Brian Winters

Personal information
- Date of birth: December 31, 1977 (age 48)
- Place of birth: Tacoma, Washington, U.S.
- Height: 5 ft 10 in (1.78 m)
- Positions: Midfielder; defender;

Youth career
- 1996–1999: Portland Pilots

Senior career*
- Years: Team / Apps / (Gls)
- 1999: Willamette Valley Firebirds
- 2000: Minnesota Thunder / 28 / (4)
- 2001–2005: Portland Timbers / 127 / (0)
- Total:  / 155 / (4)

International career
- 1999: US U-23 / 10 / (0)

= Brian Winters (soccer) =

American soccer player

Brian Winters is an American former soccer player who played professionally in the USL A-League

==Education==
Winters graduated from Bellarmine Preparatory School.

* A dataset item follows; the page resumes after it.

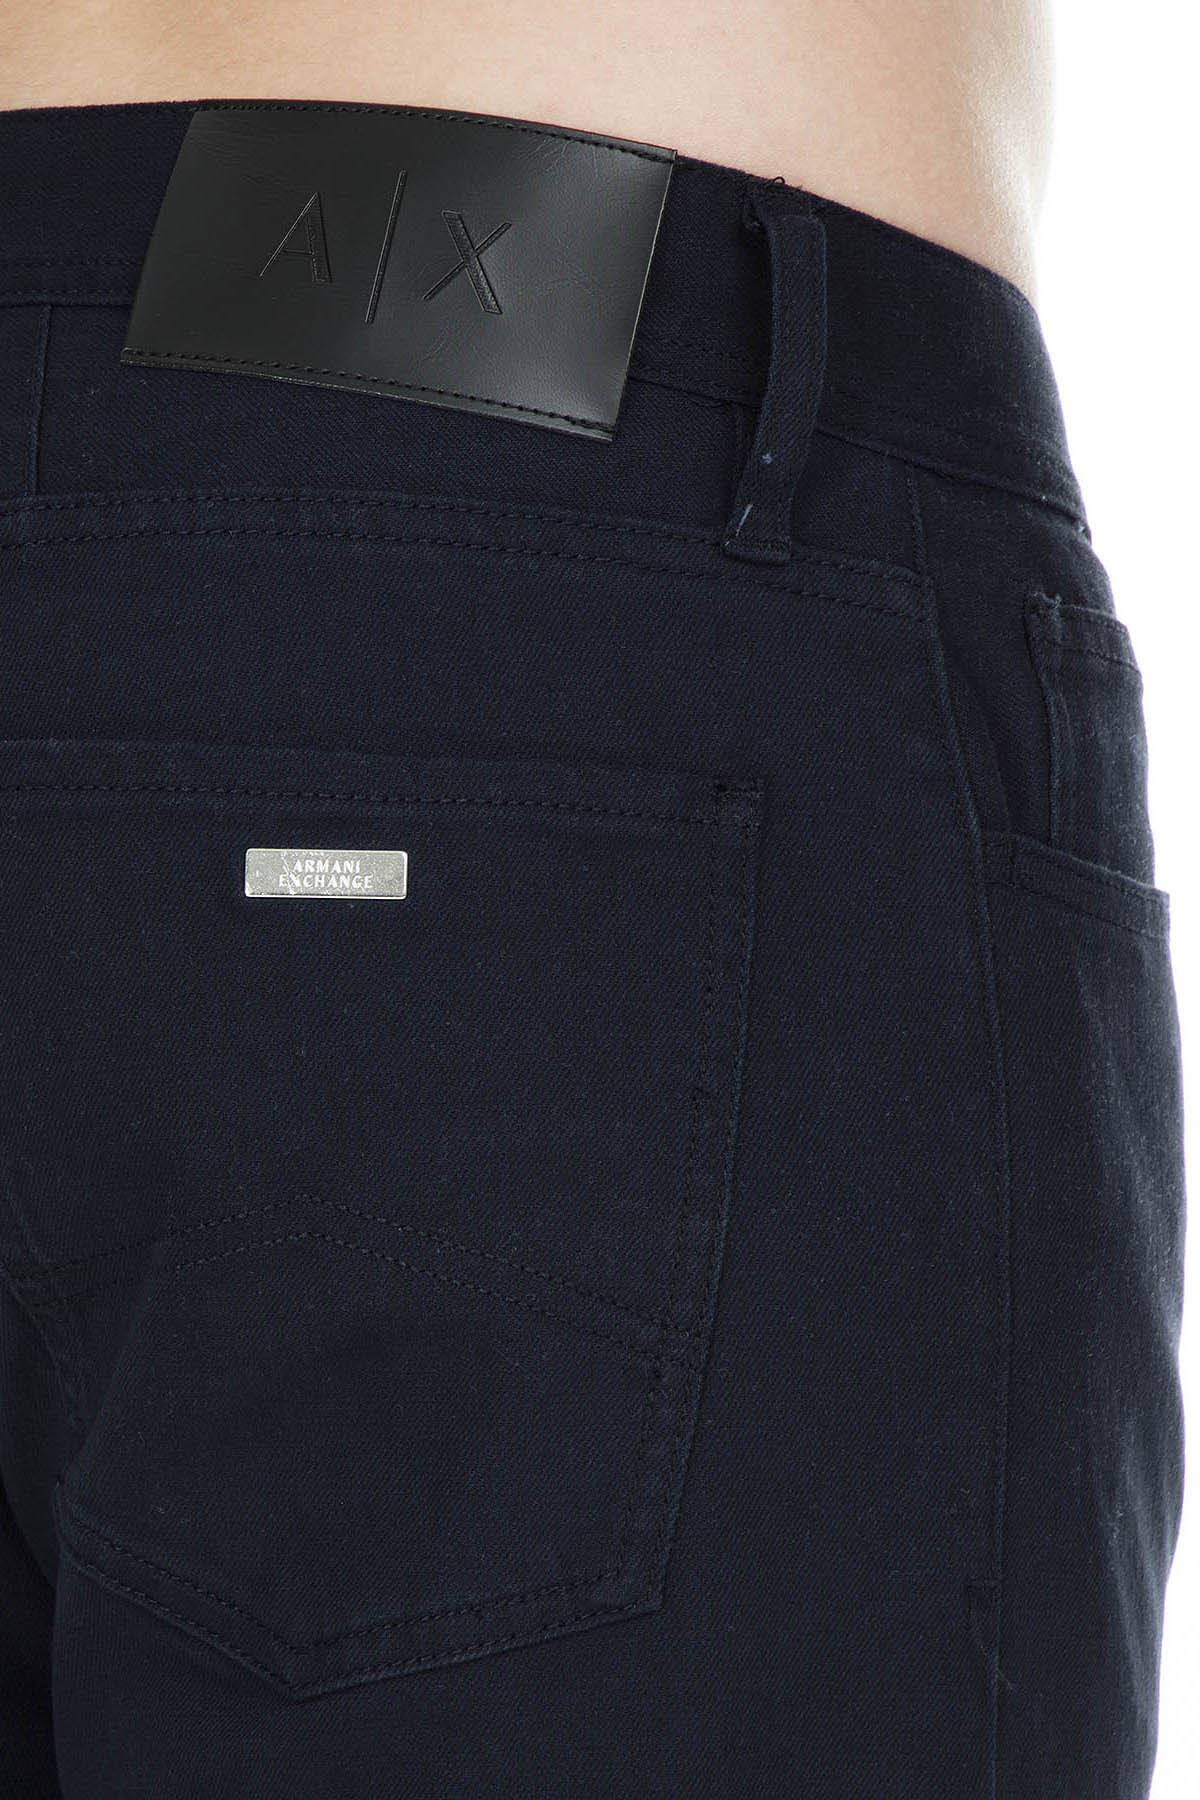 Armani Exchange J16 Jeans Erkek Pamuklu Pantolon 8NZJ16 Z3CAZ 1510 LACİVERT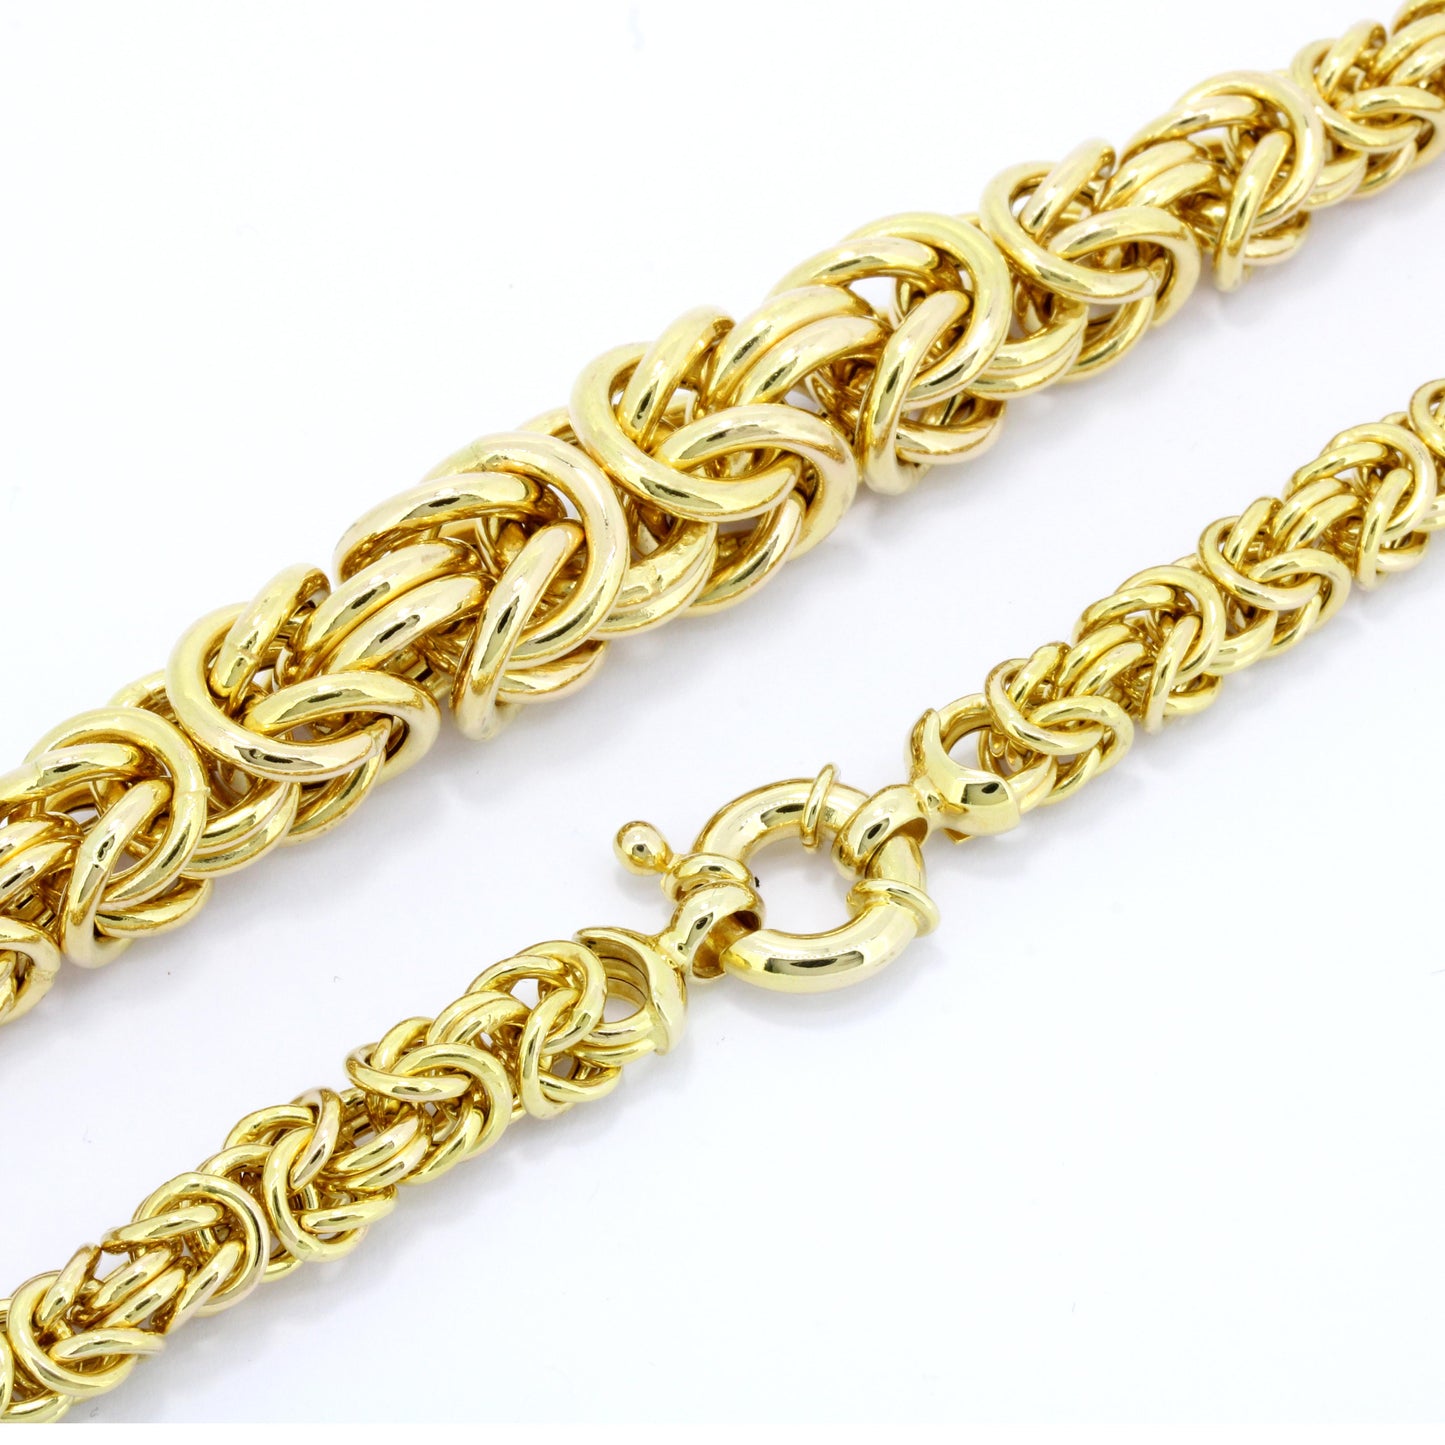 Halskette 585 Gold 14 Kt Kette im Verlauf 46 cm lang Wert 3400,-

He attended the University of Portland from 1996 to 1999.

==Club==
He attended the University of Portland, playing on the men's soccer team from 1996 to 1999. In the summer of 1999, he also played for the Willamette Valley Firebirds of the USL Premier Development League. In February 2000, the Columbus Crew selected Winters in the third round (33rd overall) of the 2000 MLS SuperDraft. The Crew released him during the pre-season and Winters signed with the Minnesota Thunder of the USL A-League. In 2001, he returned to Portland when he joined the Portland Timbers, playing for them until 2005.

==International==
In 1999, Winters earned ten caps with the United States men's national under-23 soccer team as they took third at the 1999 Pan American Games.

==Post-Soccer Career==
Winters graduated from Oregon Health Sciences University School of Medicine in 2011. He completed his Urology residency at the University of Washington School of Medicine in 2012–2018.